A lease agreement is a reciprocal agreement between a landlord and a tenant. The landlord agrees to make the leased property available to the tenant by giving the tenant temporary use and enjoyment thereof. In return, the tenant agrees to pay lease to the landlord. We have three types of leases namely; the lease of a thing, either movable or immovable e.g. lease of a flat or vehicle (locatio conductio rei). The hiring of a service e.g. employment contract (locatio conductio operarum) and the hiring to complete a project e.g. for an office to be built (locatio conductio operis).
A rent amount can either be agreed upon expressly or tacitly. In the case of land that is being rent, the tenant can agree to pay in the form of harvest. Rent can also be determined by way of a method or formula. It is not clear from case law whether it is acceptable to contract on a “reasonable rent”. In the case of Genac Properties Jhb (Pty) Ltd v NBC Administrators CC, a 1992 case from the old appellant division, the court said that it will probably be permissible, but this is not legally binding, seeing that it was an obiter statement made by the court.

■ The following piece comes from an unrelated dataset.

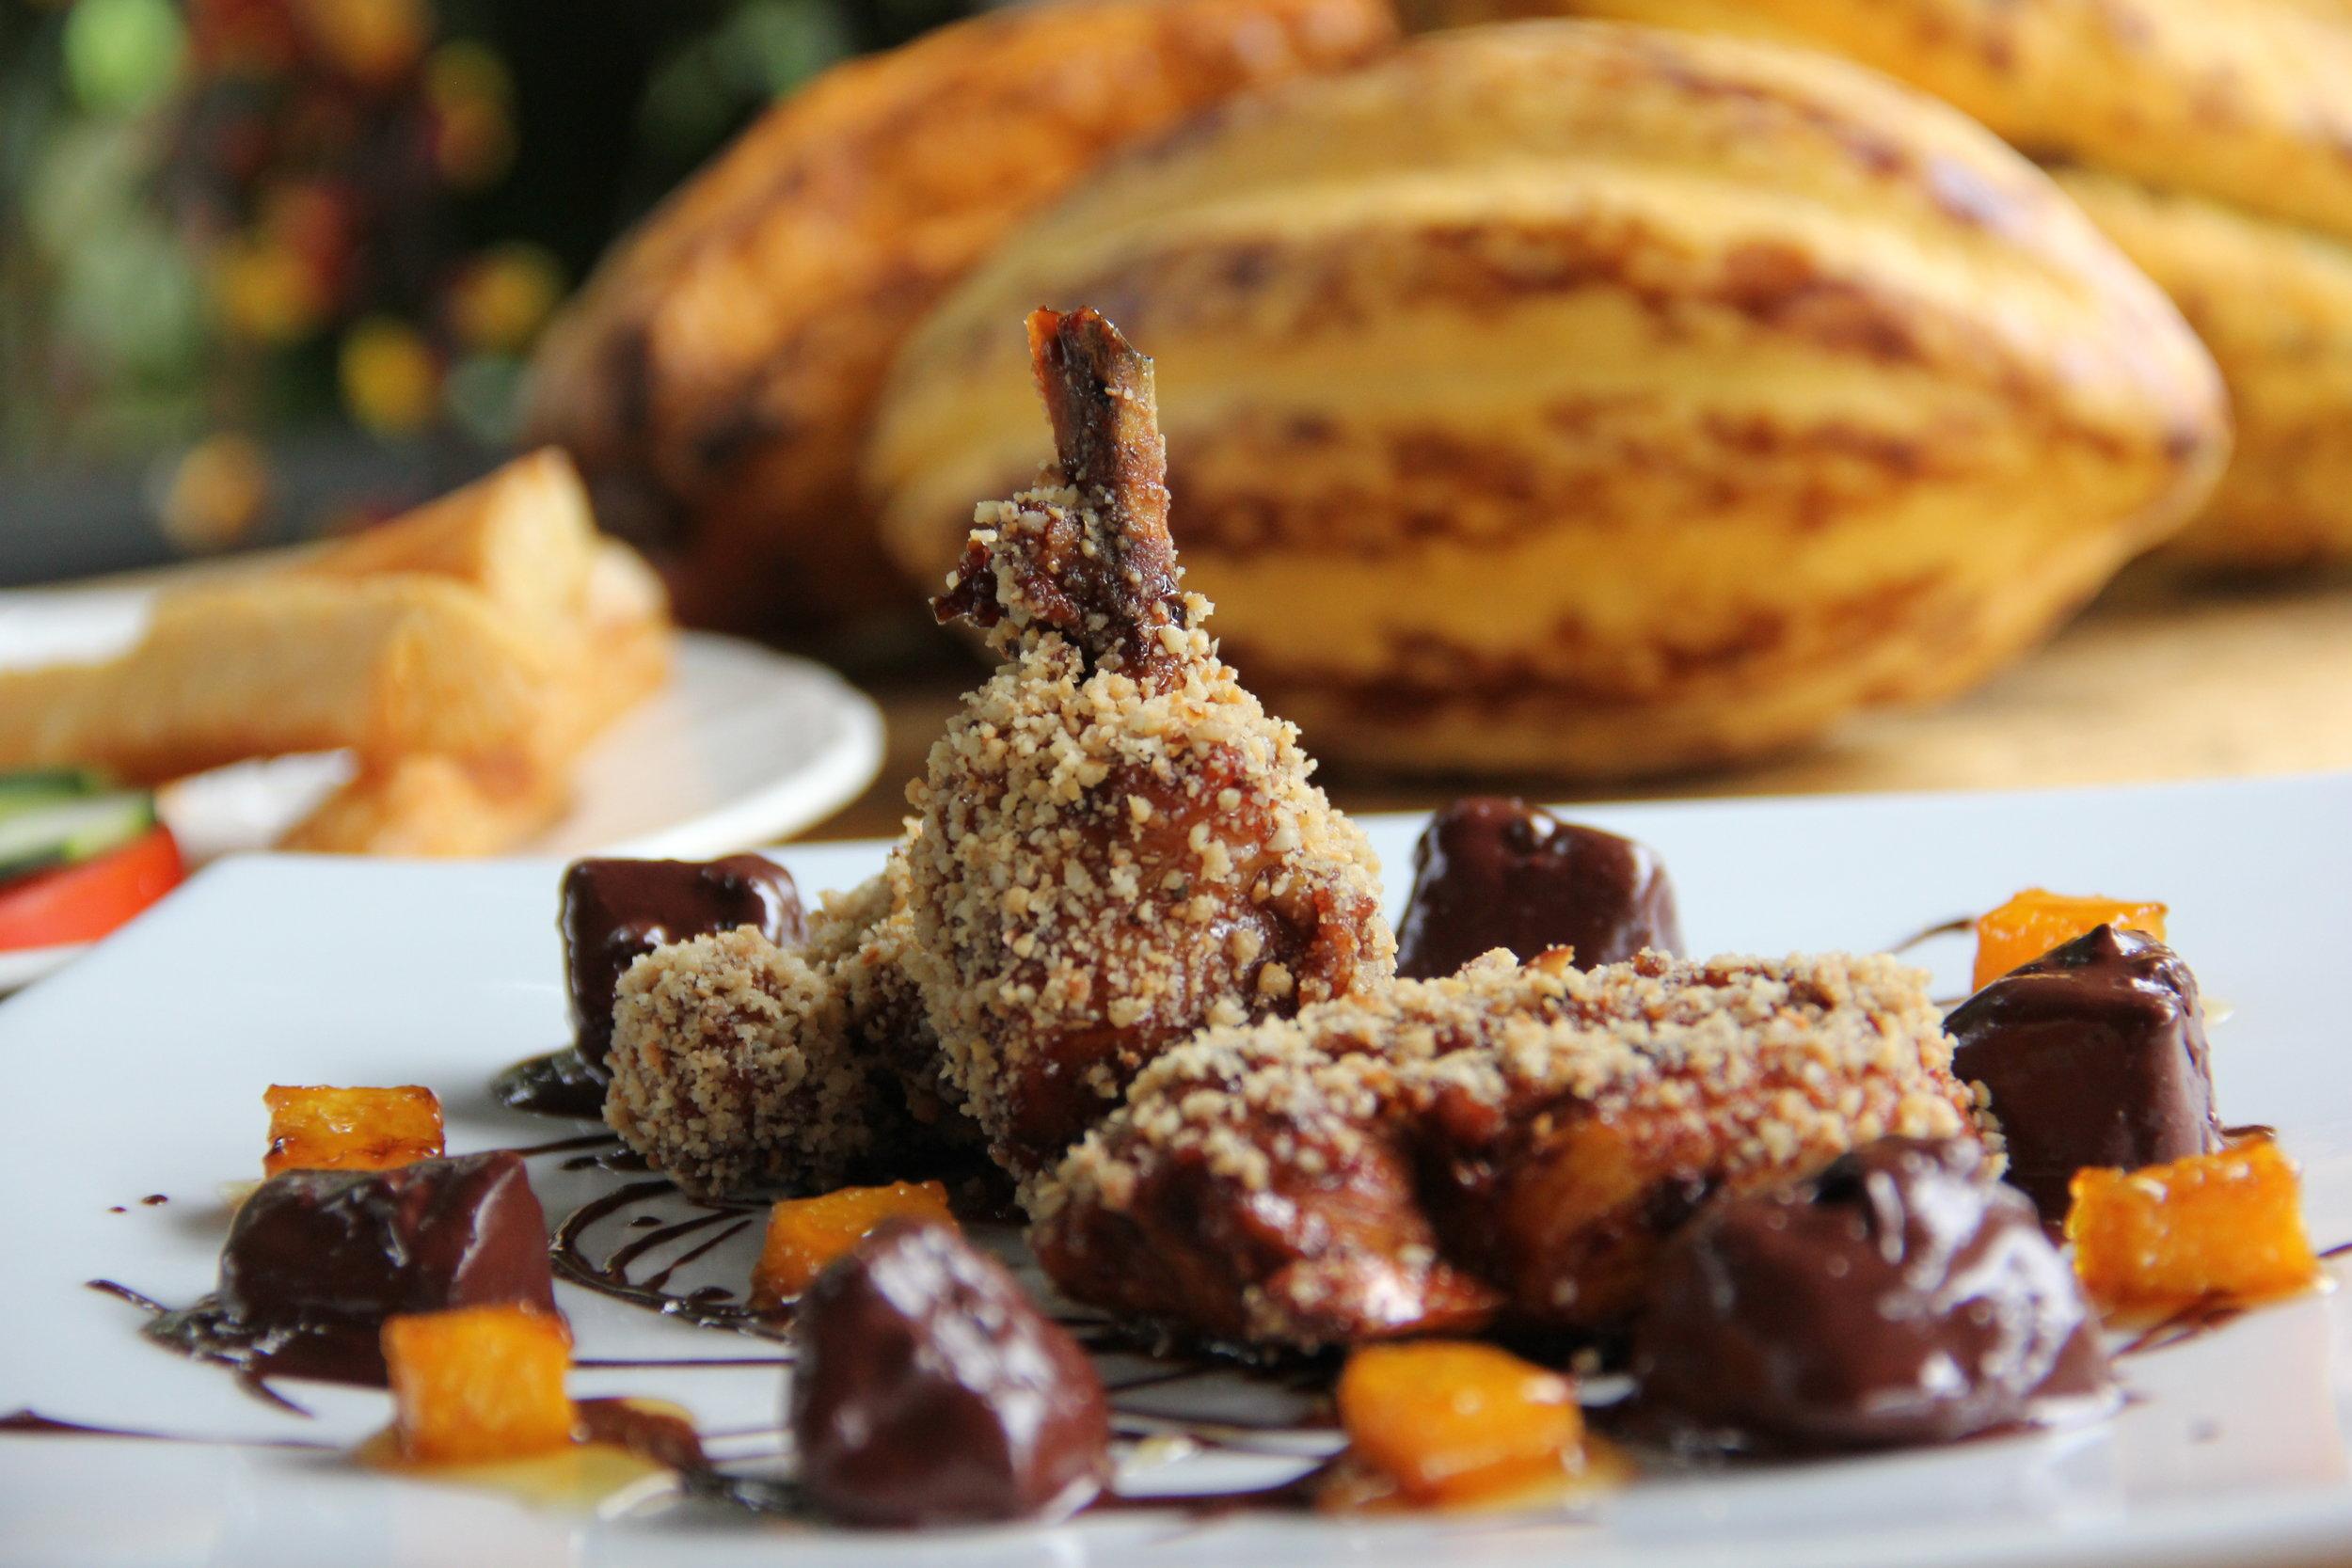 Macadamia chicken with yuca bon bons.

Provision for escalation can be made in a lease agreement, it must however be objectively applicable. It may be made with reference to inflation or another formula. If one of the parties are given the discretion to determine rent, it must be objectively reasonable, as seen in the supreme court of appeal case of 1999, NBS Boland Bank v One Berg River Drive CC. Courts will tend to allow this in a lease agreement, but not with a contract of sale.

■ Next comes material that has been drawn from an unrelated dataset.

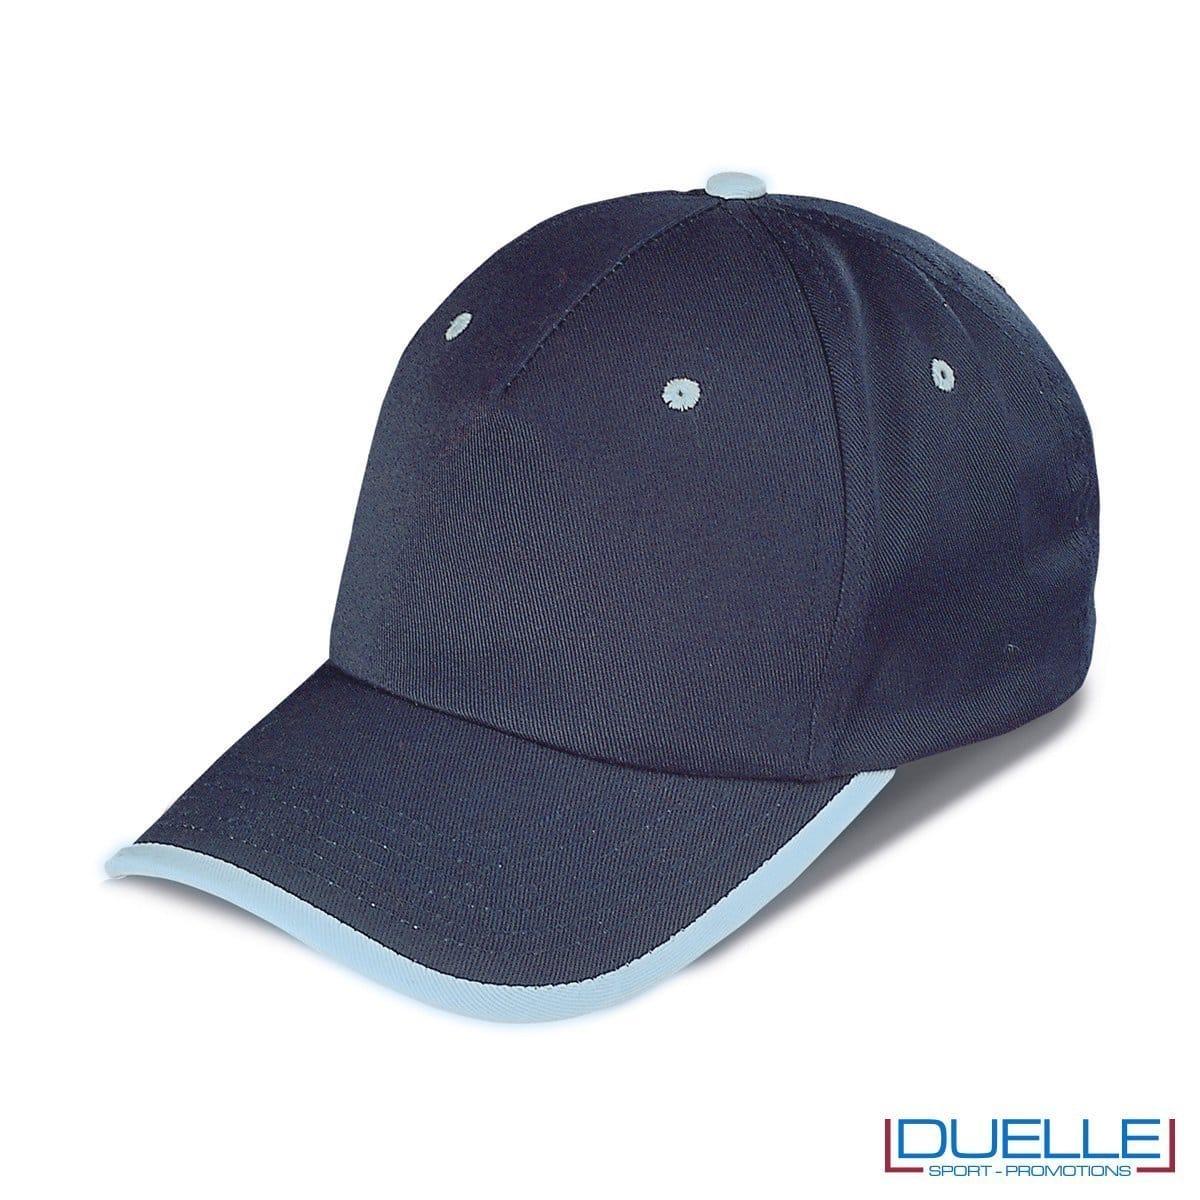 cappellino personalizzato a 5 pannelli con orlo a contrasto, colore blu navy

The landlord must give the tenant “undisturbed use and enjoyment” or commodus usus. If not, the tenant may be entitled to claim reduction in rent equal to the reduction in use and enjoyment that the tenant suffered. The landlord has a continuous maintenance obligation. This however, excludes, reasonable wear and tear – but can be contracted out of.

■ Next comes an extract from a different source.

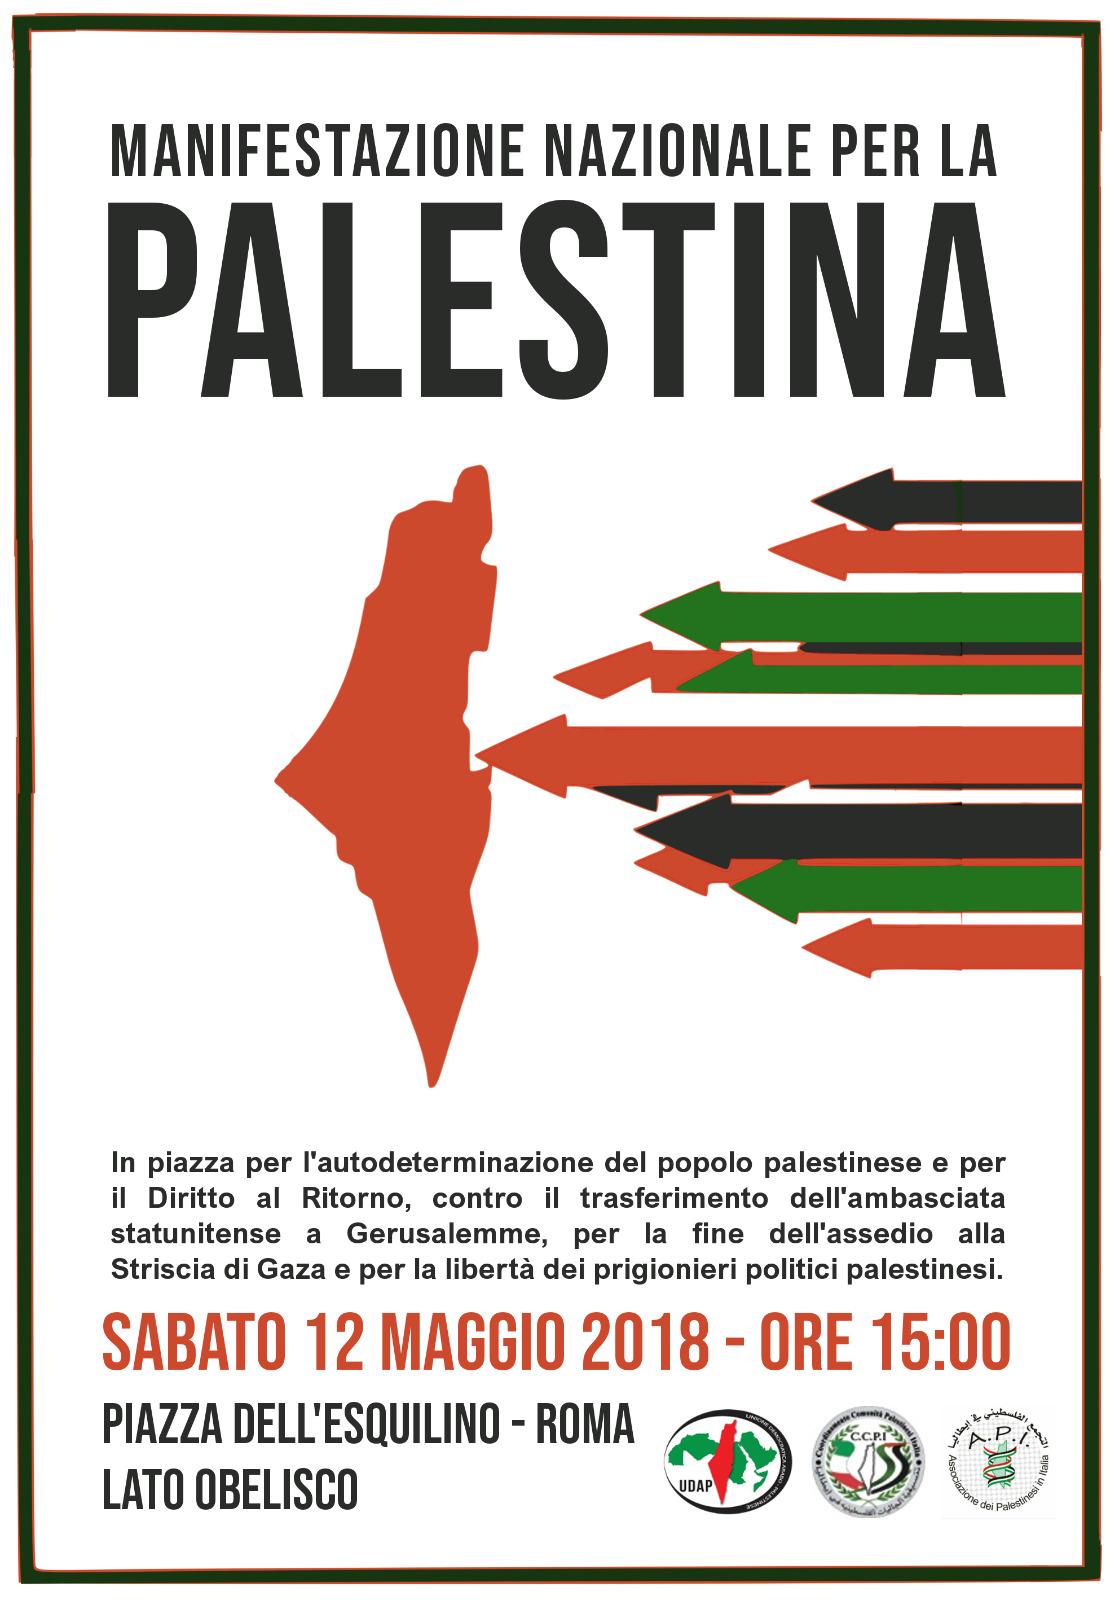 Manifestazione a Roma per il 70° anniversario della Nakba e a condanna della decisione di Trump su Gerusalemme

Courts are very reluctant to order specific performance where the landlord fails to maintain. Lately, the courts are more inclined to allow the tenant to self-maintain and then recover costs, if the landlord is able to repay. In such an instance, it will be required that the tenant give the landlord reasonable notice of the defect. If the landlord then not perform, the costs can be deducted from the rent, or, if it is more than the rent amount, the tenant may approach a court to recover the costs.